Extracted data entries:
╭──
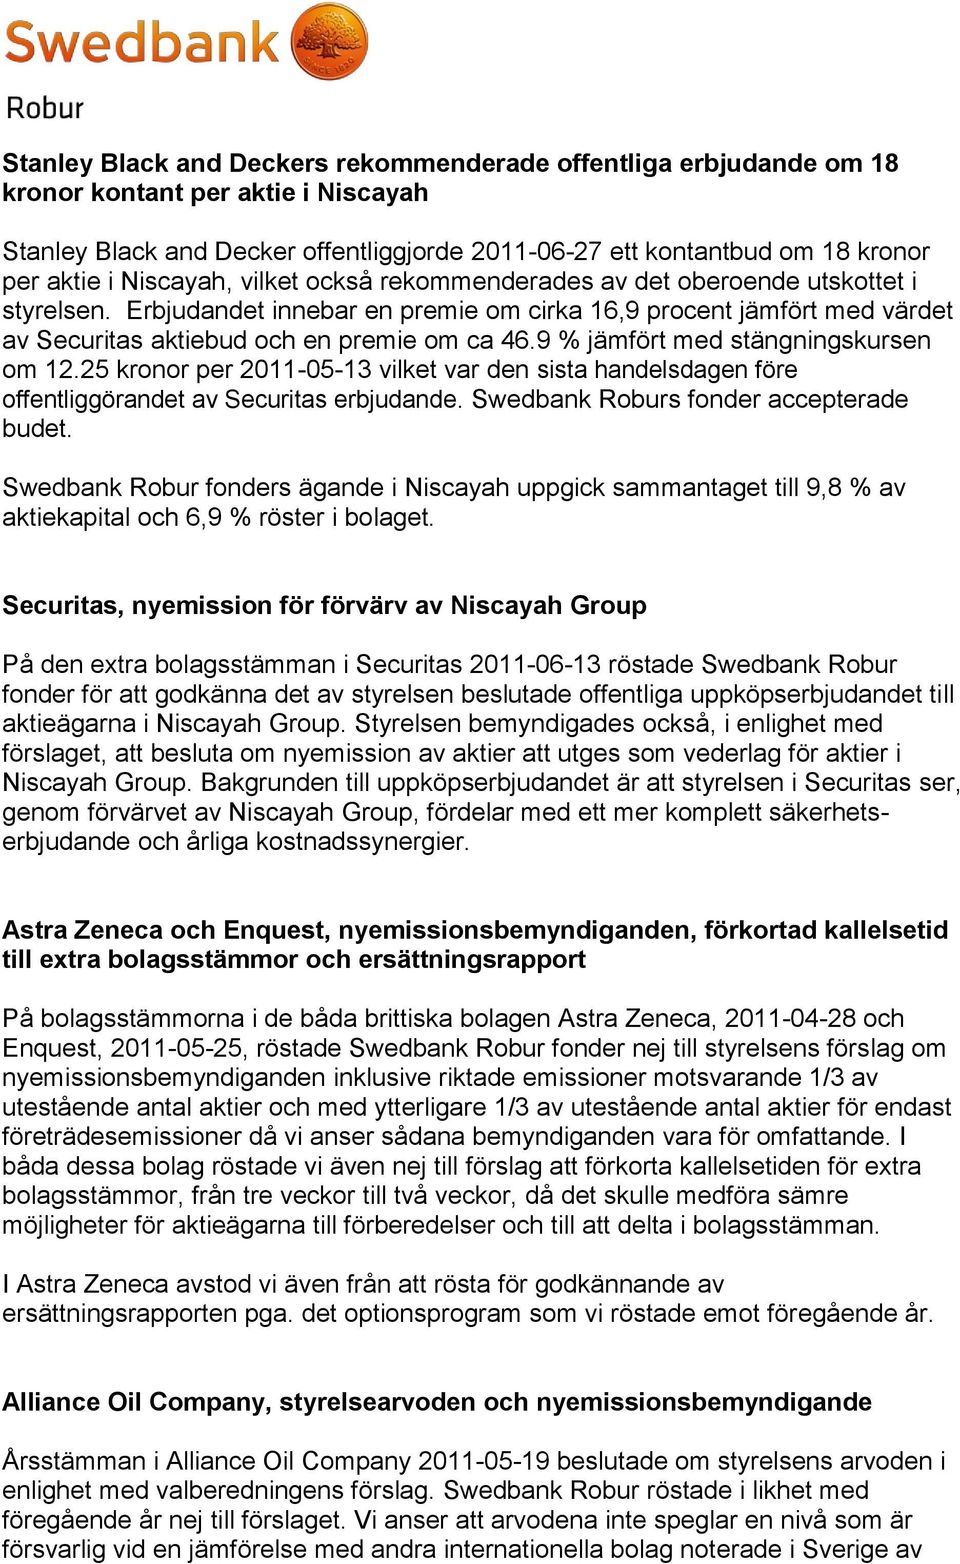 9 % jämfört med stängningskursen om 12.25 kronor per 2011-05-13 vilket var den sista handelsdagen före offentliggörandet av Securitas erbjudande. Swedbank Roburs fonder accepterade budet.
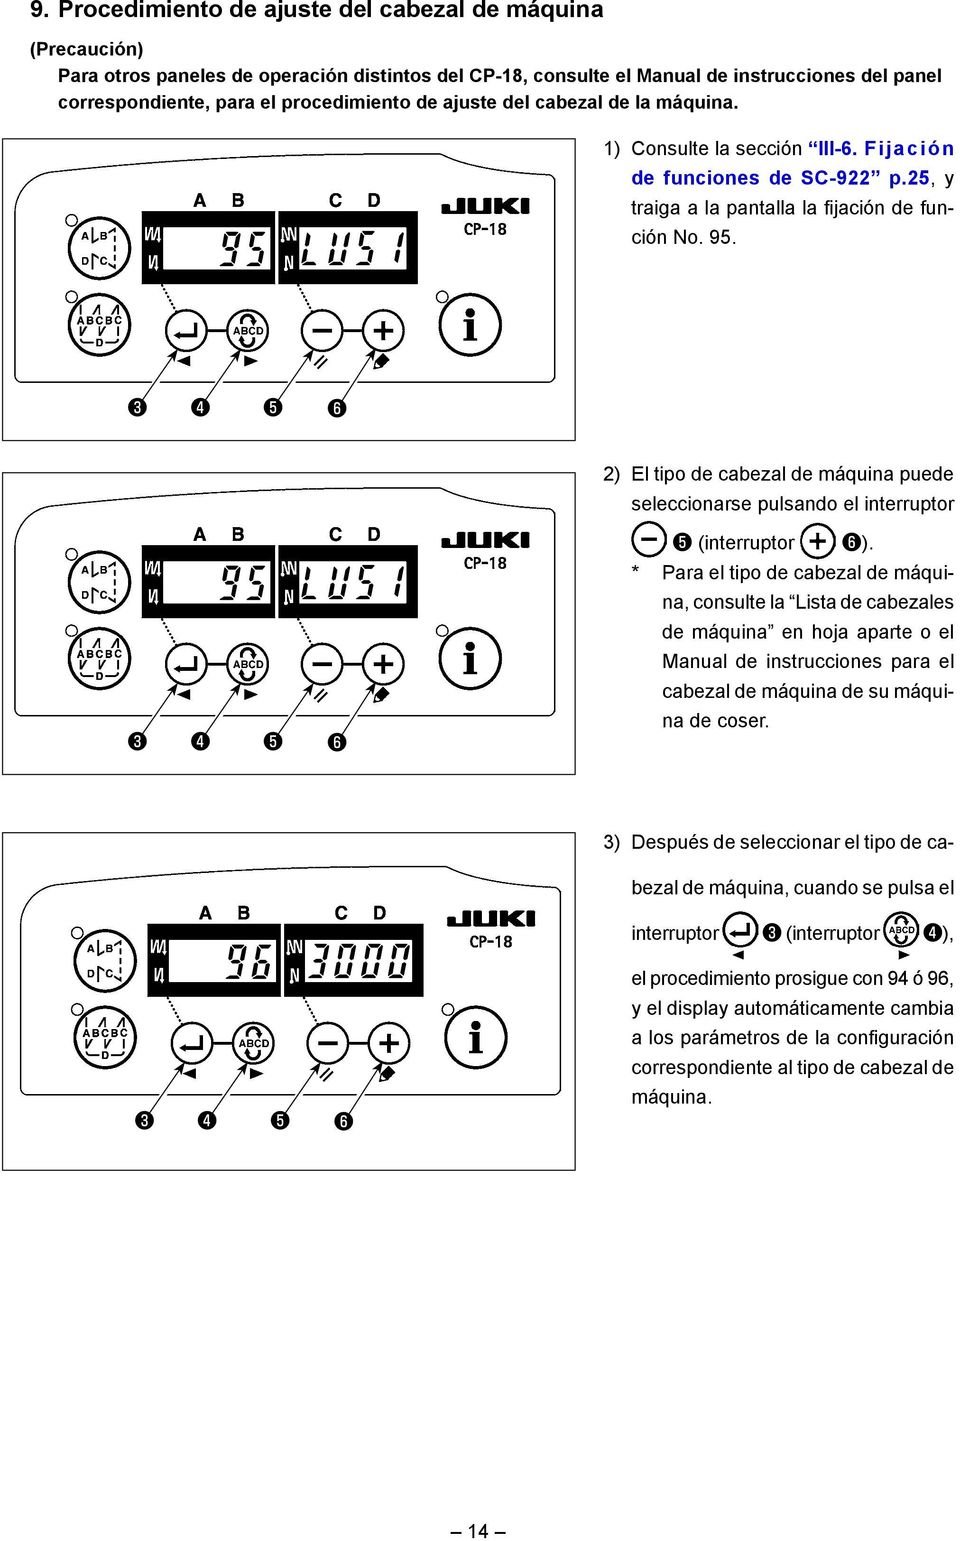 ❹ ❺ ❻ 2) El tipo de cabezal de máquina puede seleccionarse pulsando el interruptor ❺ (interruptor ❻).
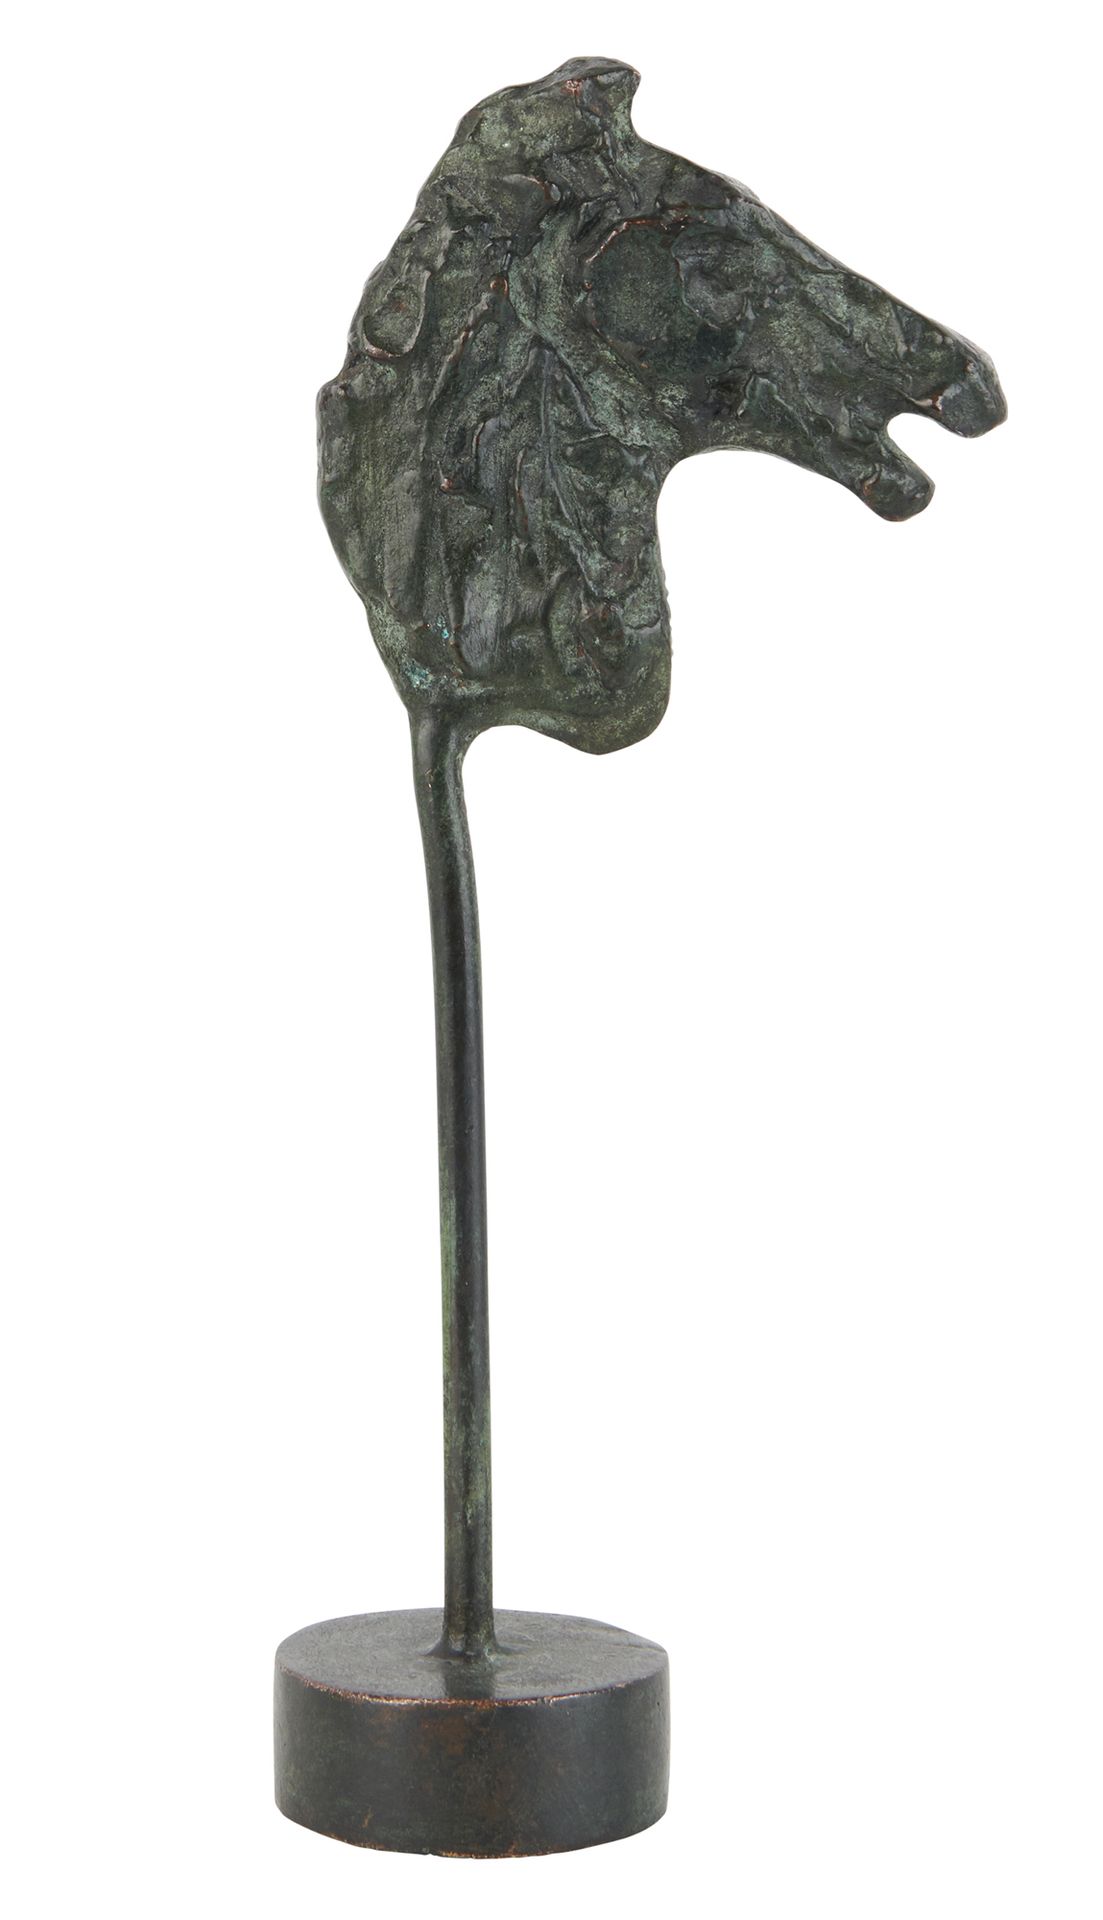 Diego GIACOMETTI 1902-1985 马头，约 1965 年
青铜质地，带古绿色铜锈，根据艺术家的原始石膏模型制作
颈部下方有迭戈签名 
高度：&hellip;
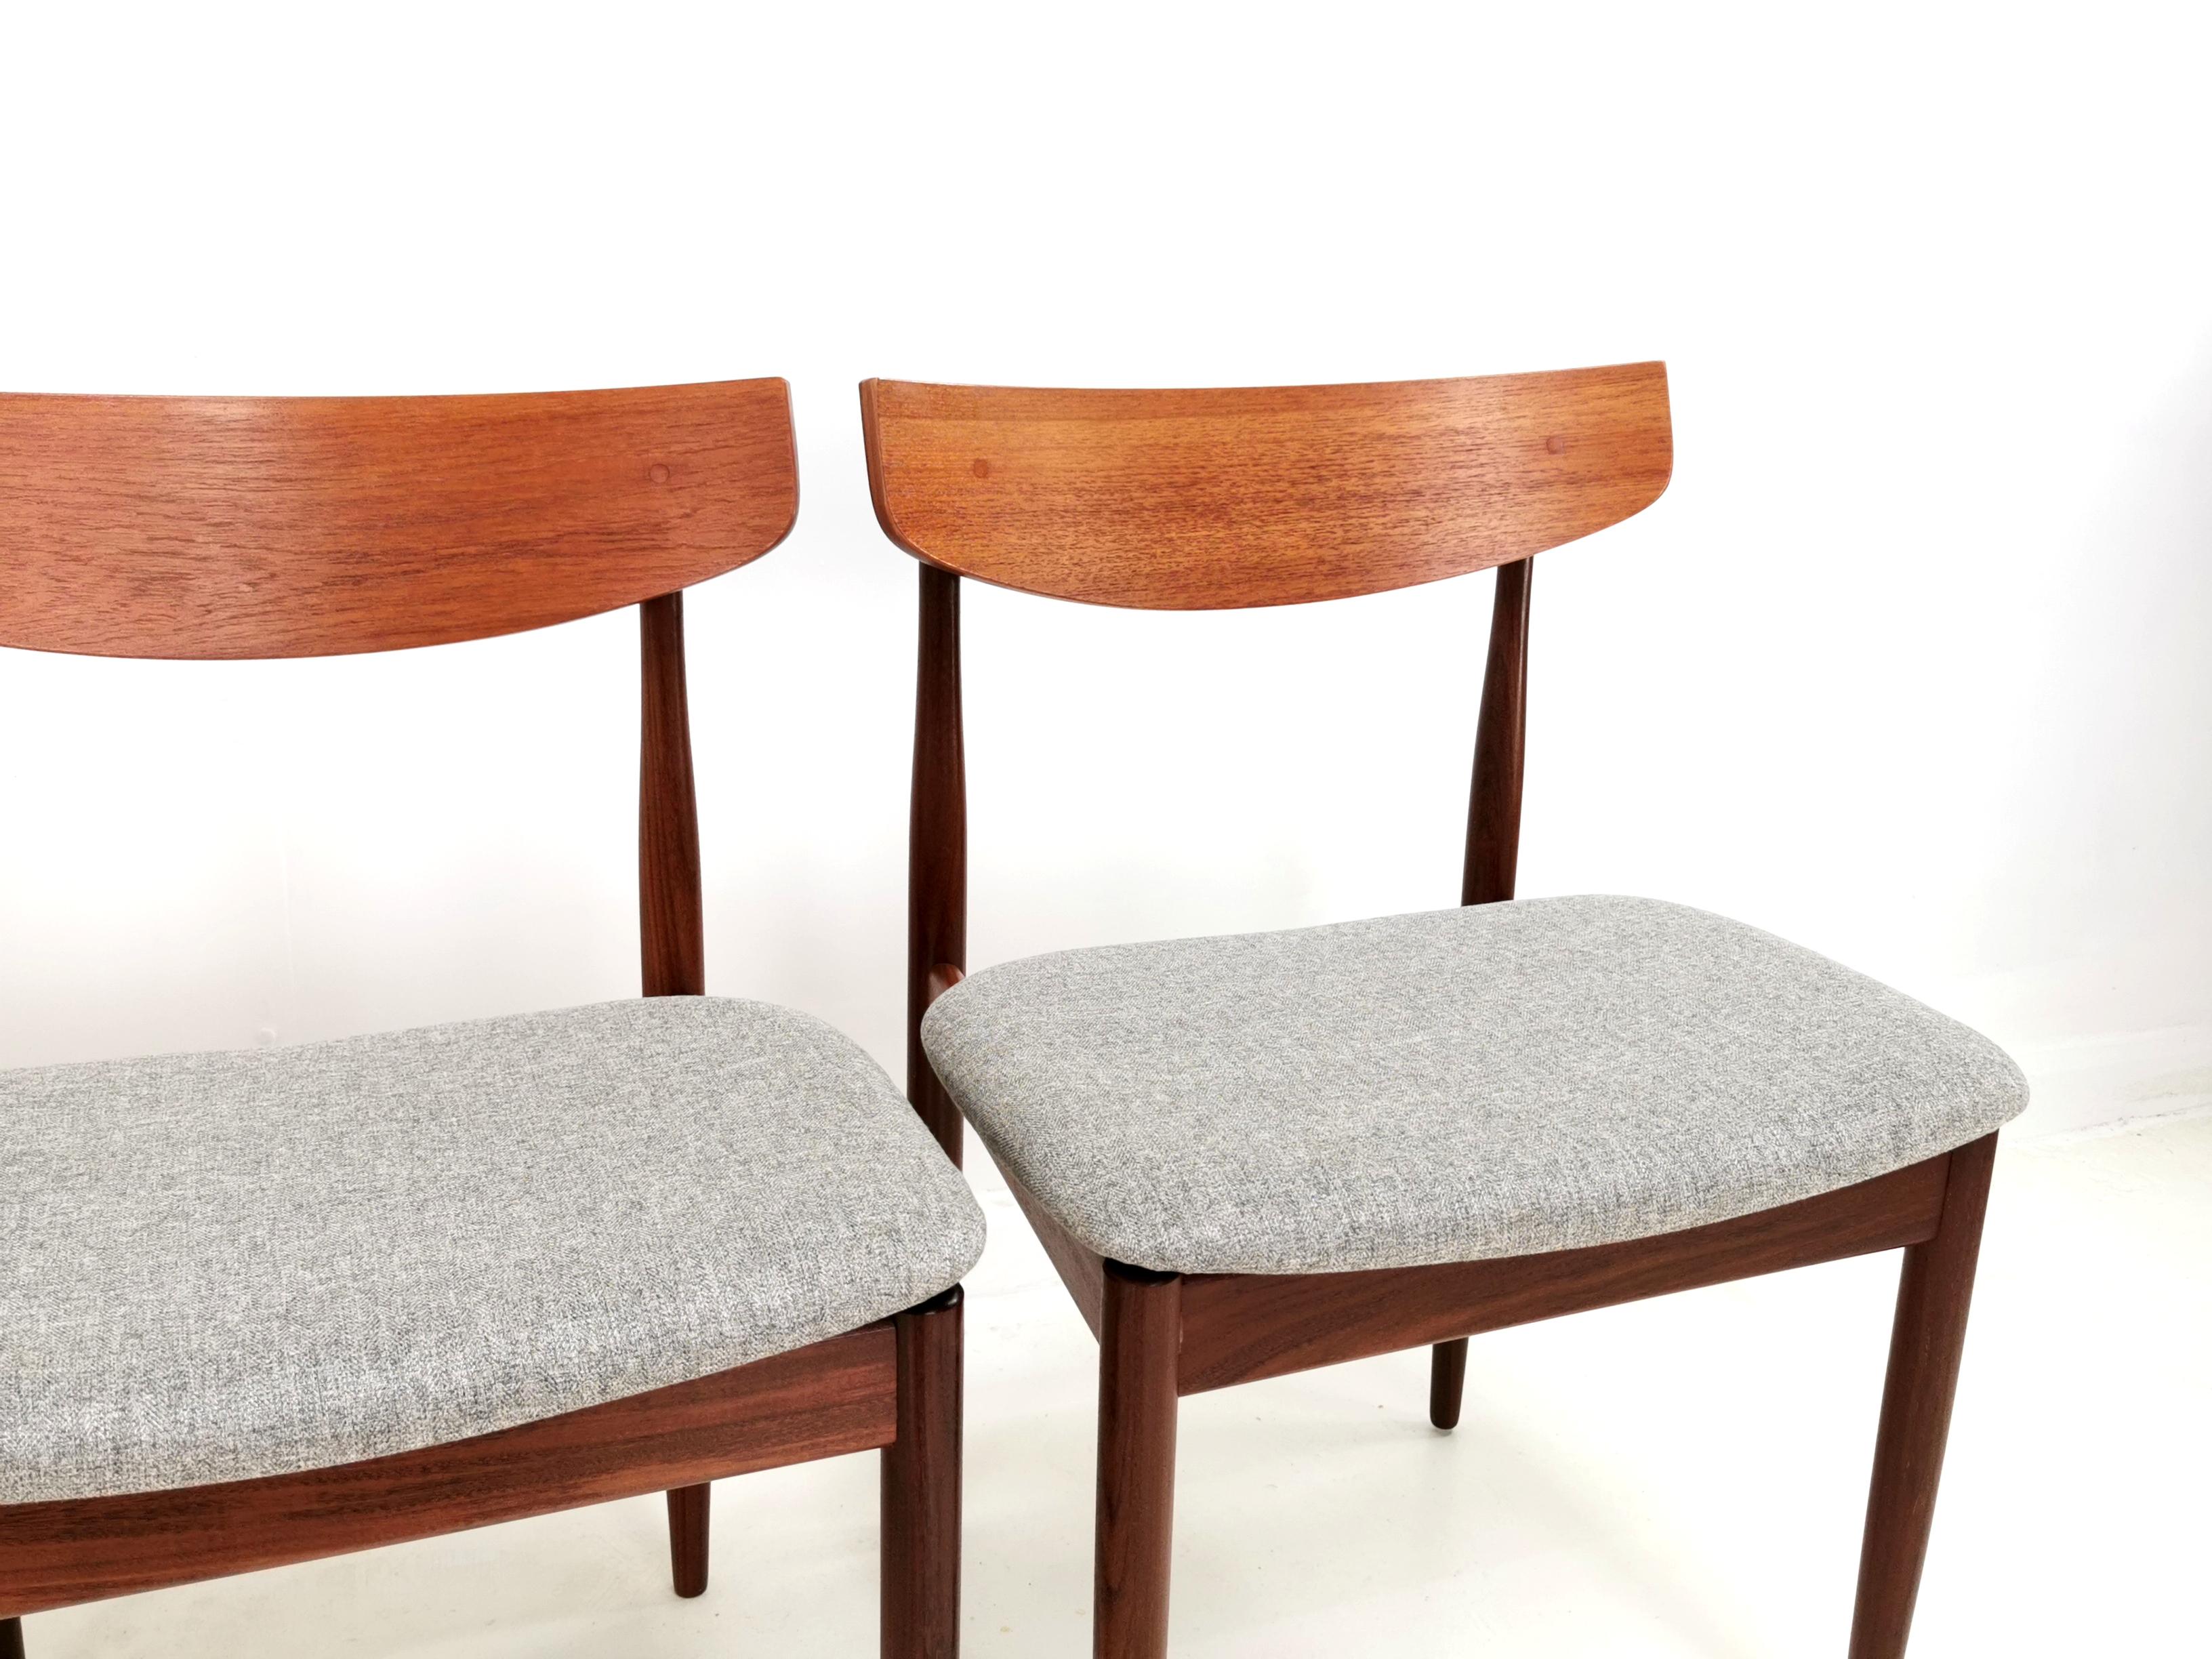 Kofod Larsen Teak G Plan Danish Dining Chairs 1960s Vintage Midcentury Set of 4 1
╰──
# Directions
Once you find the line containing "高度：&hellip;", transcribe it and each line after it to the end of the records exactly, and leave out the pictures.

# Expected output
高度：&hellip;
 Kofod Larsen Teak G Plan Danish Dining Chairs 1960s Vintage Midcentury Set of 4 1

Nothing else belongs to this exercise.